PROPERTIES OF MATTER CYU 1

Solution 1

Problem 1: Thermal Creep on an Inclined Plane

(a) Analysis of Temperature Rise (Expansion)

When the temperature increases by $\Delta T$, the rod expands. Friction opposes relative motion. There exists a “neutral point” on the rod where the displacement is zero relative to the plane.

Above Neutral Point ($l_1$): Rod expands upwards. Friction acts downwards.
Below Neutral Point ($l_2$): Rod expands downwards. Friction acts upwards.

The rod is in equilibrium, so the net friction force must balance the component of gravity acting down the slope ($mg \sin\theta$).

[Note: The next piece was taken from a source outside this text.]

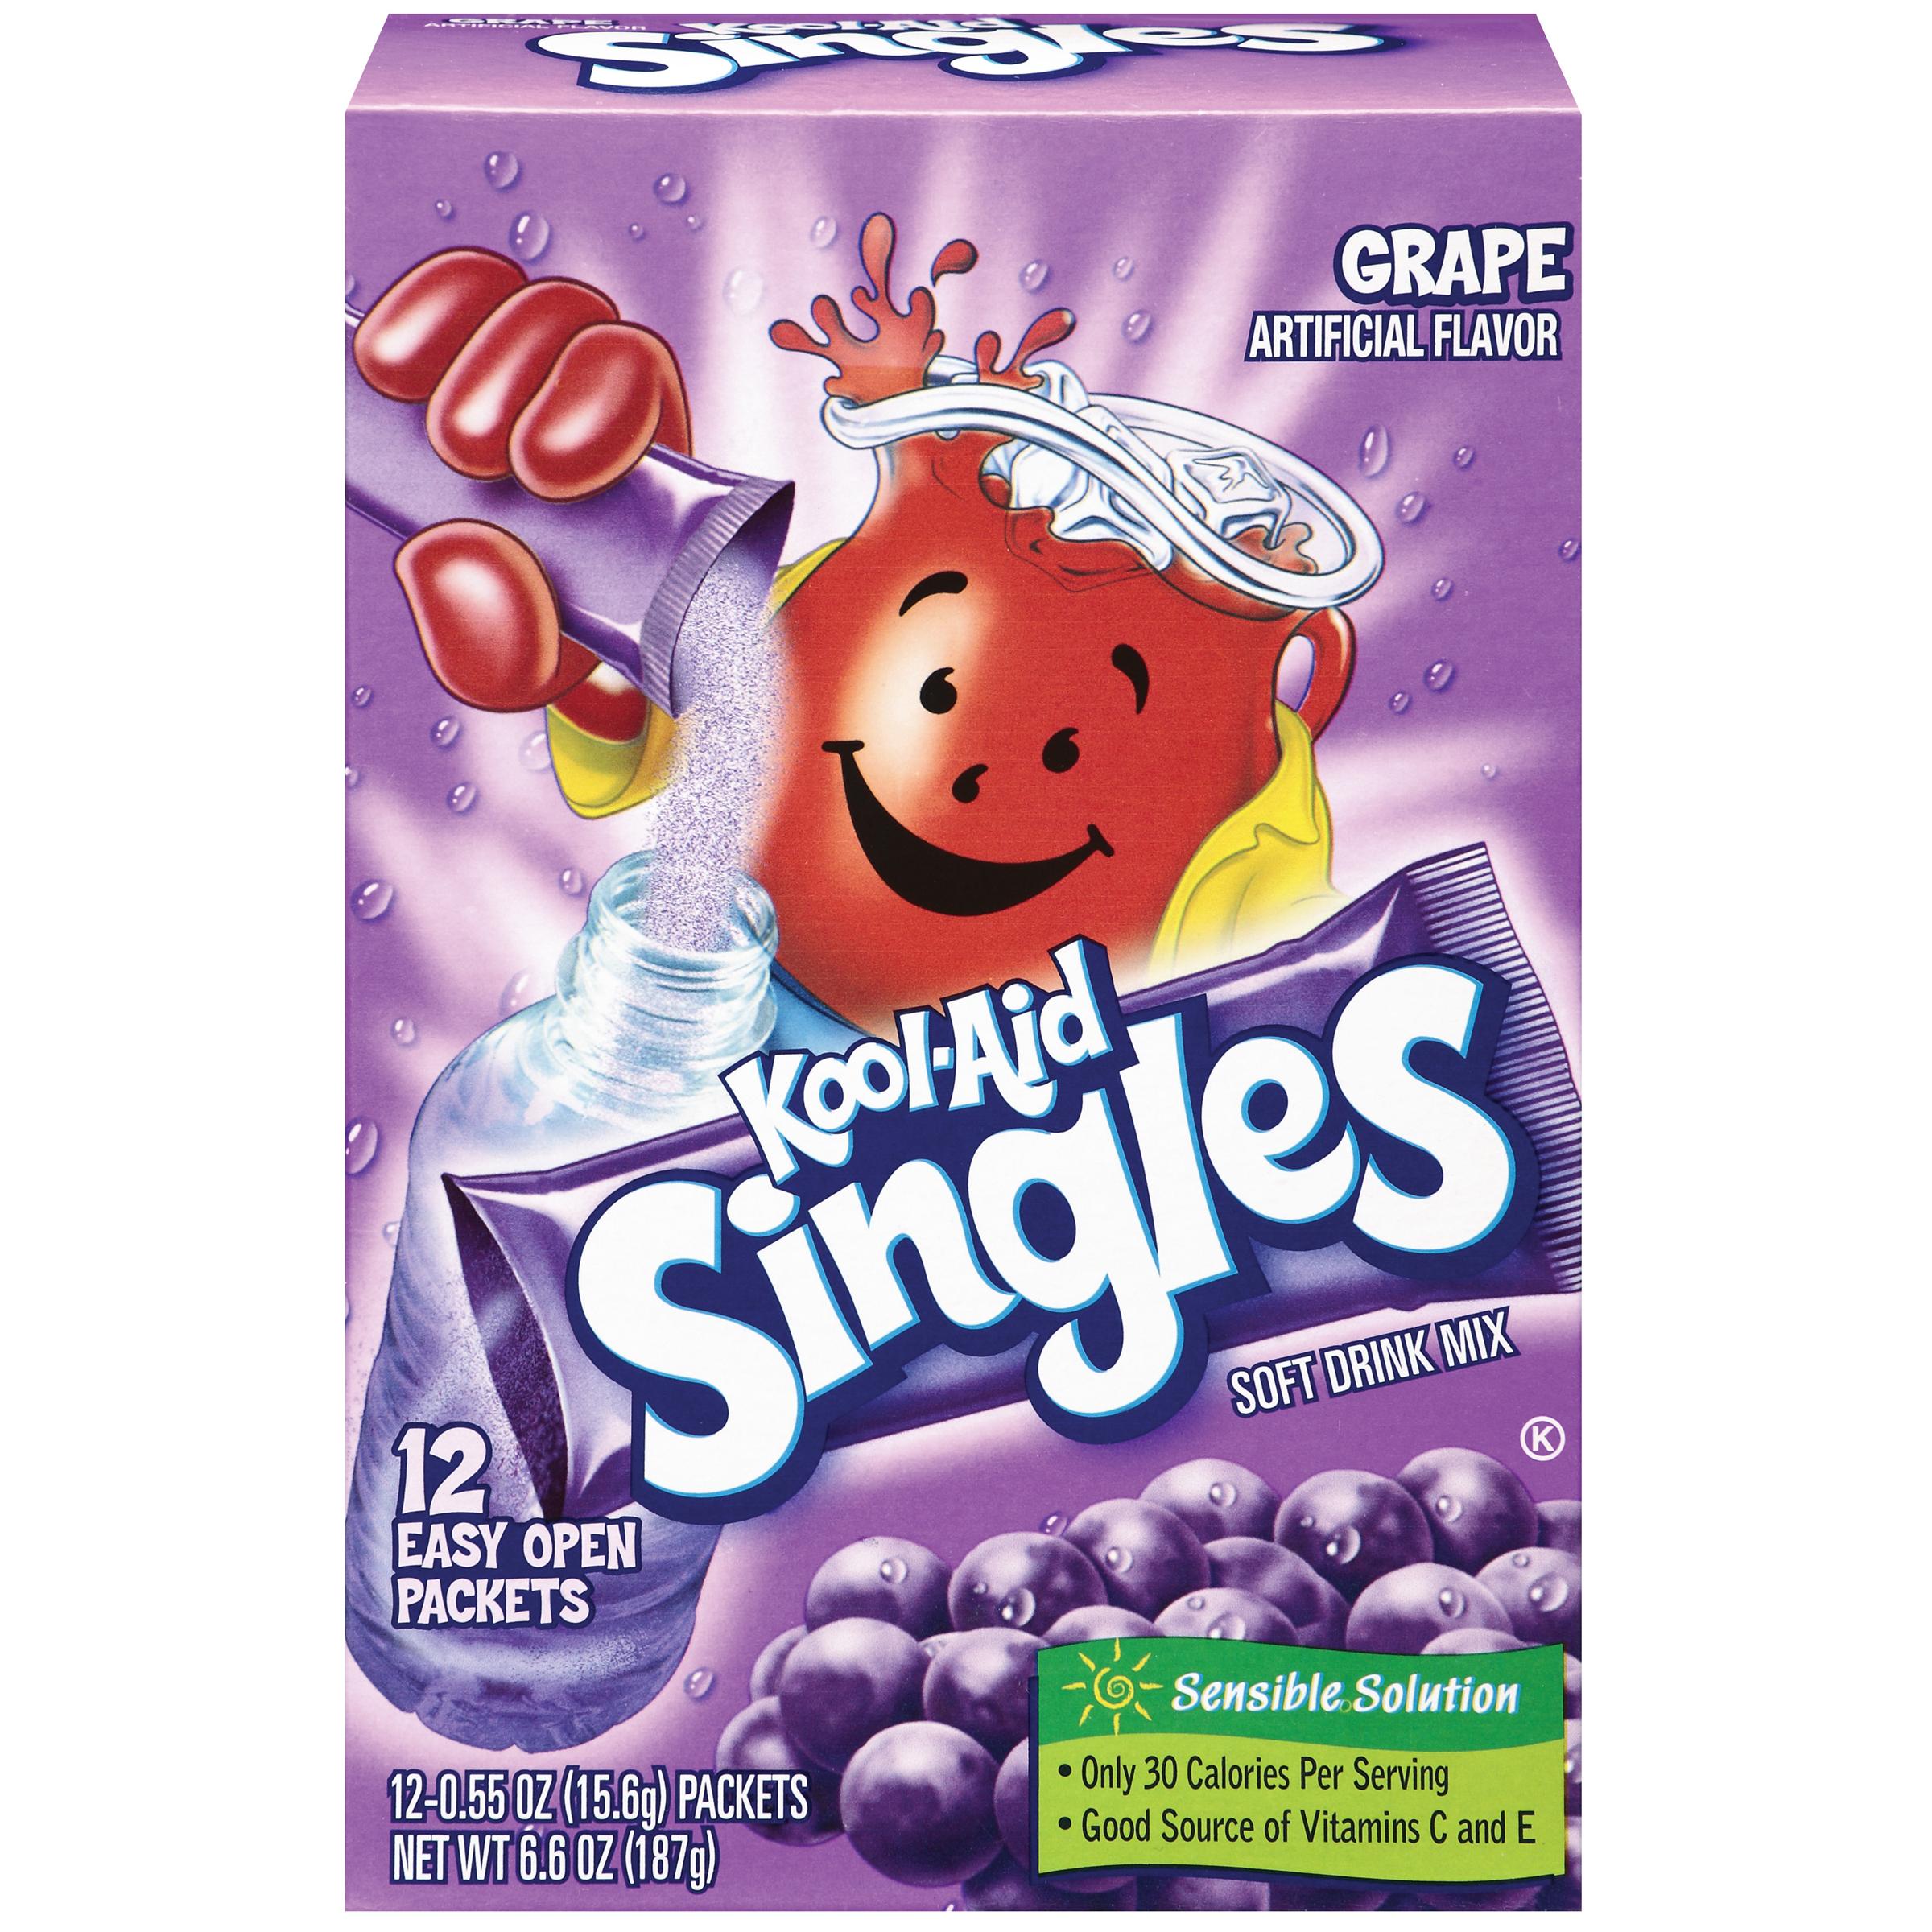 Kool-Aid Singles Grape 12 Ct Soft Drink Mix 6.6 Oz Box image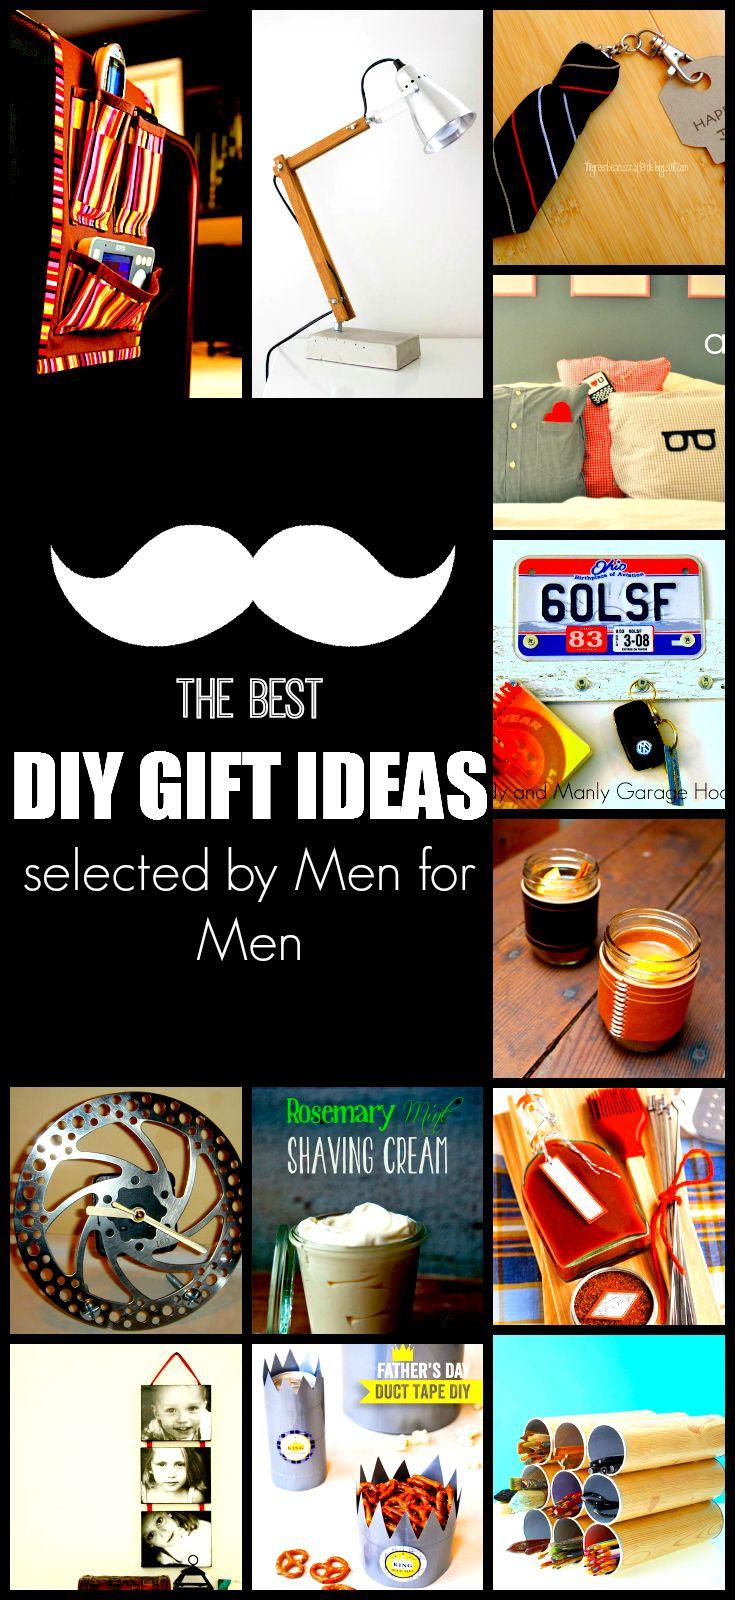 The-Best-DIY-GIFT-IDEAS-selected-by-Men-for-Men.jpg 735×1,600 pixels

$$ f_{net} = f_{lower} – f_{upper} = mg \sin\theta $$

Assuming limiting friction density $f = \mu \lambda g \cos\theta$ (where $\lambda = m/L$):

$$ (\mu l_2 \lambda g \cos\theta) – (\mu l_1 \lambda g \cos\theta) = (\lambda L) g \sin\theta $$ $$ \mu (l_2 – l_1) \cos\theta = L \sin\theta \implies l_2 – l_1 = L \frac{\tan\theta}{\mu} $$

Solving with $l_1 + l_2 = L$, we find the lengths of the segments:

$$ l_1 = \frac{L}{2} \left( 1 – \frac{\tan\theta}{\mu} \right), \quad l_2 = \frac{L}{2} \left( 1 + \frac{\tan\theta}{\mu} \right) $$

Displacements:

Upper Edge: Shifts Up by $\Delta l_1 = l_1 \alpha \Delta T$.
Lower Edge: Shifts Down by $\Delta l_2 = l_2 \alpha \Delta T$.
Mass Center (COM): The COM is initially at $L/2$ from the top. The neutral point is at $l_1$. Since $l_1 < L/2$, the COM is located in the lower segment (moving down).
Shift of COM = Distance from Neutral Point $\times \alpha \Delta T$
Shift = $(L/2 – l_1) \alpha \Delta T = \frac{L}{2} \frac{\tan\theta}{\mu} \alpha \Delta T$ (Downwards).

(b) Analysis of Temperature Fall (Contraction)

During cooling, the rod contracts towards a new neutral point.

Upper part ($l_1’$): Moves down. Friction acts upwards.
Lower part ($l_2’$): Moves up. Friction acts downwards.

Net force equilibrium ($F_{net}$ balances $mg \sin\theta$): $$ F_{up} – F_{down} = mg \sin\theta $$ $$ \mu (l_1′ – l_2′) \cos\theta = L \sin\theta \implies l_1′ – l_2′ = L \frac{\tan\theta}{\mu} $$

Solving with $l_1′ + l_2′ = L$:

$$ l_1′ = \frac{L}{2} \left( 1 + \frac{\tan\theta}{\mu} \right) $$

Displacements:

Upper Edge: Shifts Down.
Lower Edge: Shifts Up.
Mass Center (COM): The neutral point is now lower down ($l_1′ > L/2$). The COM is above the neutral point, so it moves downwards.
Shift = $(l_1′ – L/2) \alpha \Delta T = \frac{L \tan\theta}{2\mu} \alpha \Delta T$ (Downwards).

(c) Net Shift during Complete Cycle

The rod shifts downwards during heating and shifts further downwards during cooling. This phenomenon is known as “thermal creep”.

$$ \text{Total Shift} = \text{Shift}_{heating} + \text{Shift}_{cooling} $$ $$ \text{Total Shift} = \frac{L \tan\theta}{2\mu} \alpha \Delta T + \frac{L \tan\theta}{2\mu} \alpha \Delta T $$

            Net Shift: $\frac{L \tan\theta}{\mu} \alpha \Delta T$ downwards along the incline.